Esri's method measures the household income distribution. Therefore, this estimate is labeled the middle tier of income. Households not identified as middle income are classified into lower-tier and upper-tier categories. Evaluating the tails of the income distribution provides insight into income dispersion in an area (see the Income inequality measures section below). Evaluating the change in the size of the lower- and upper-income tiers over time is an expedient way to understand shifts in the middle-income population. Growth in the middle class will shift households from the lower or upper tiers, or both. Where the middle class is in decline, you can begin to answer policy questions such as "Are the rich getting richer?" or "Are the poor getting poorer?" Where local economies create job growth, and government policies to support low-income households are favorable, a shift of households up the income ladder is expected over time. In areas experiencing gentrification, shifts in incomes could erode the low- and middle-income tiers and expand the upper-income tier.

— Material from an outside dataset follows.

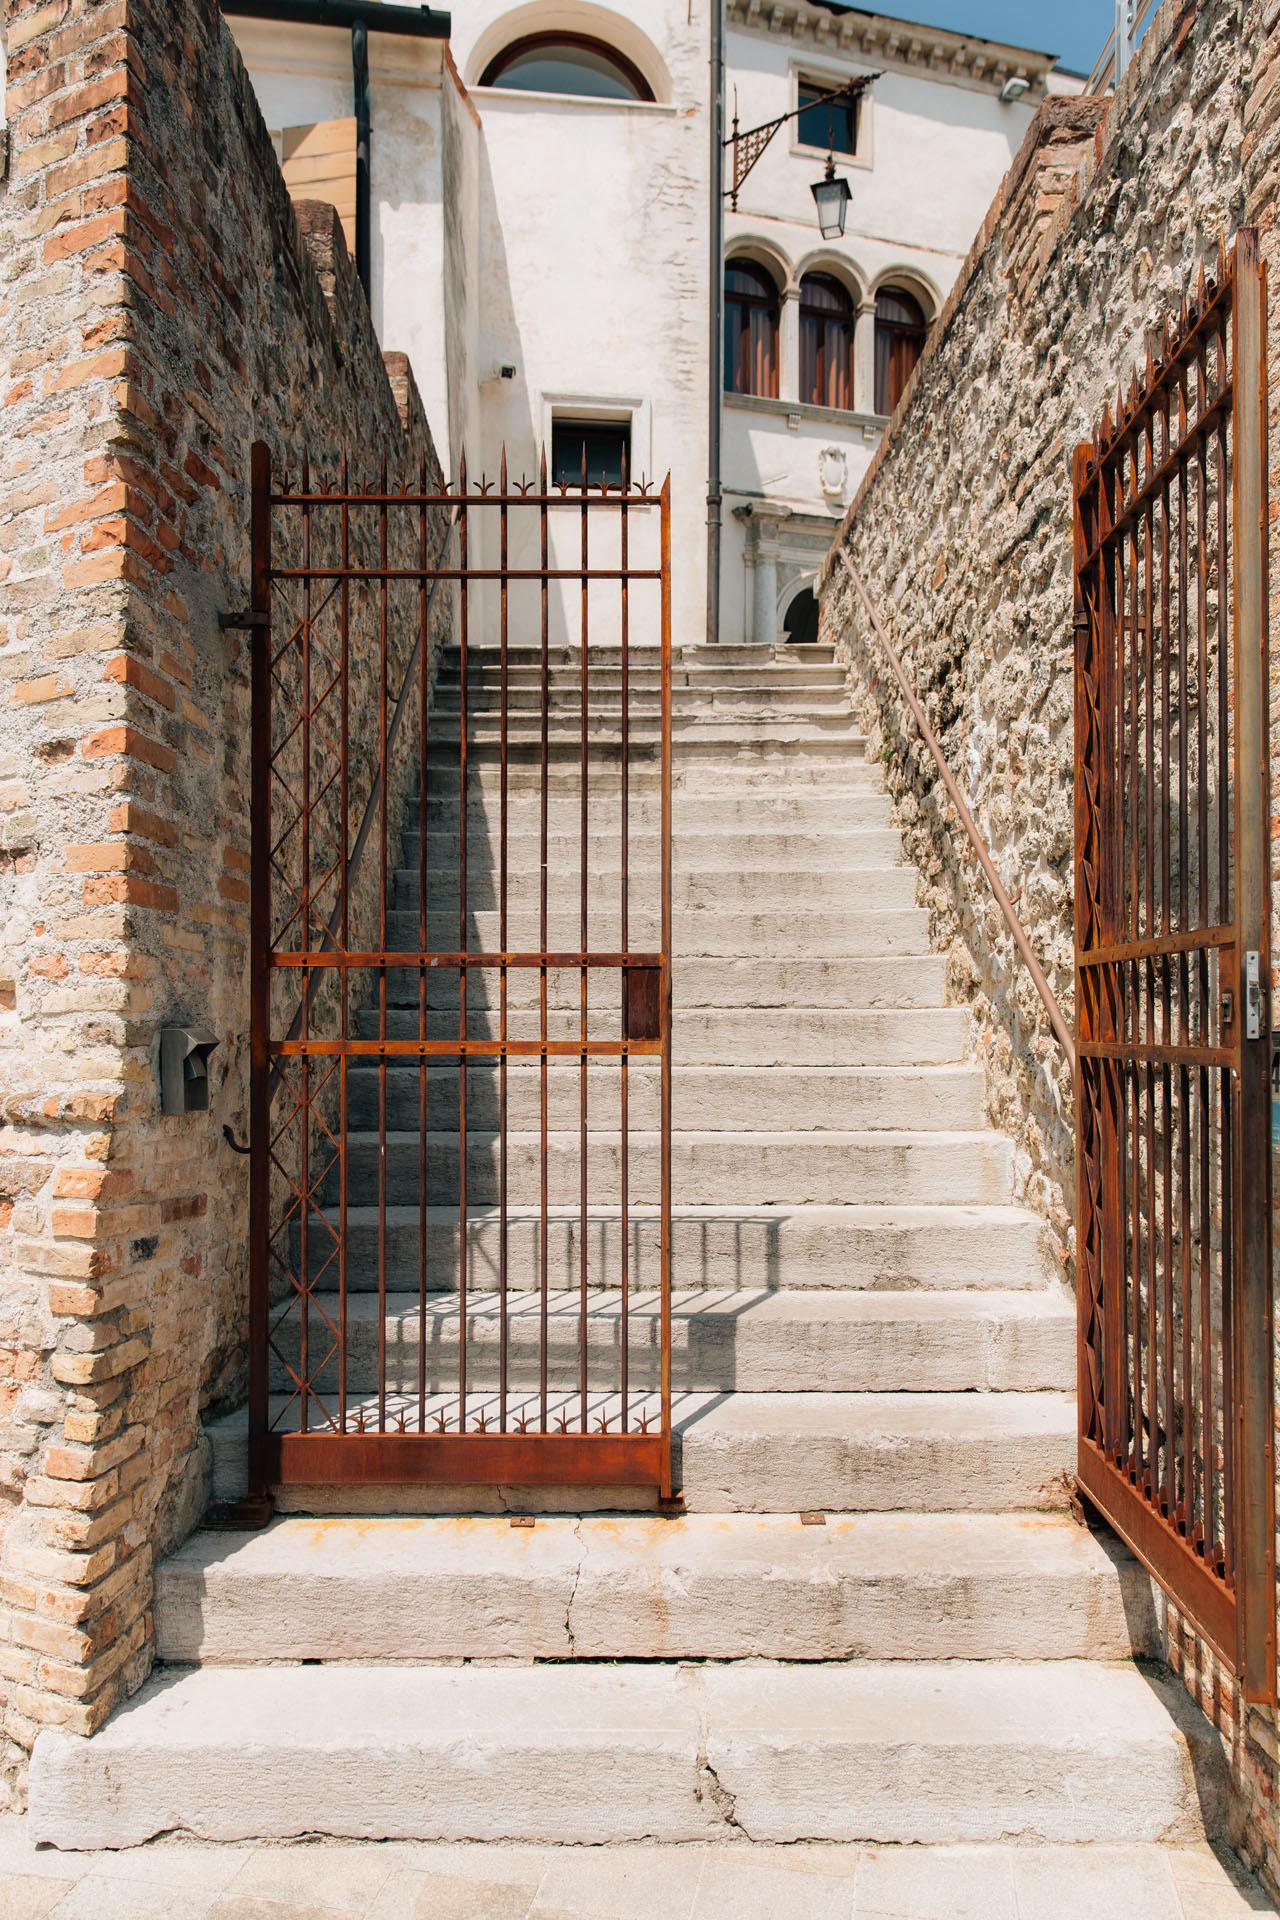 Jessica-Jason-Weddingdestination-Storytelling-Renato-Zanette-Fotografo-Convento-San-Francesco-Conegliano-Treviso-Veneto

Esri's methods establish Census division-level quintile limits as criteria to define the range of household incomes considered middle income/tier. Employing division-level limits (versus U.S. limits) accounts for geographic variability in the cost of living. Therefore, households earning the same income in the more relatively expensive Pacific division versus the East South-Central division are not necessarily classified using the same thresholds. By way of Esri's household income estimates, these division-level criteria are updated annually. At the division level of geography and above, the size of the lower, middle, and highest tiers do not change over time. This database captures shifts in the size of each income tier for underlying smaller areas.
Esri has developed a methodology to estimate middle-tier households at any level of geography and is amenable to trending over time. Households by income tiers are first established at the Census block group level using Pareto interpolation to distribute households into each grouping. Estimates of income tiers for other geographic summary areas are aggregated from this foundational level. A nuance of this method is that the percent of households in the middle tier at the national level will not sum to exactly 60 percent. Estimates for user-defined polygons use established techniques for geometric retrieval. Criteria for the assignment of households to the lower, middle, and upper tiers for the 2024 estimates are listed in Table 1 below:
Table 1: Household income ranges for definition of income tiers
Figure 1 shows an example of two sample areas X and Y with bottom- and top-heavy income distributions, respectively. Both show very different distributions across income tiers. With these extreme examples, it is obvious that area X has a dominant upper tier and area Y has a dominant middle tier.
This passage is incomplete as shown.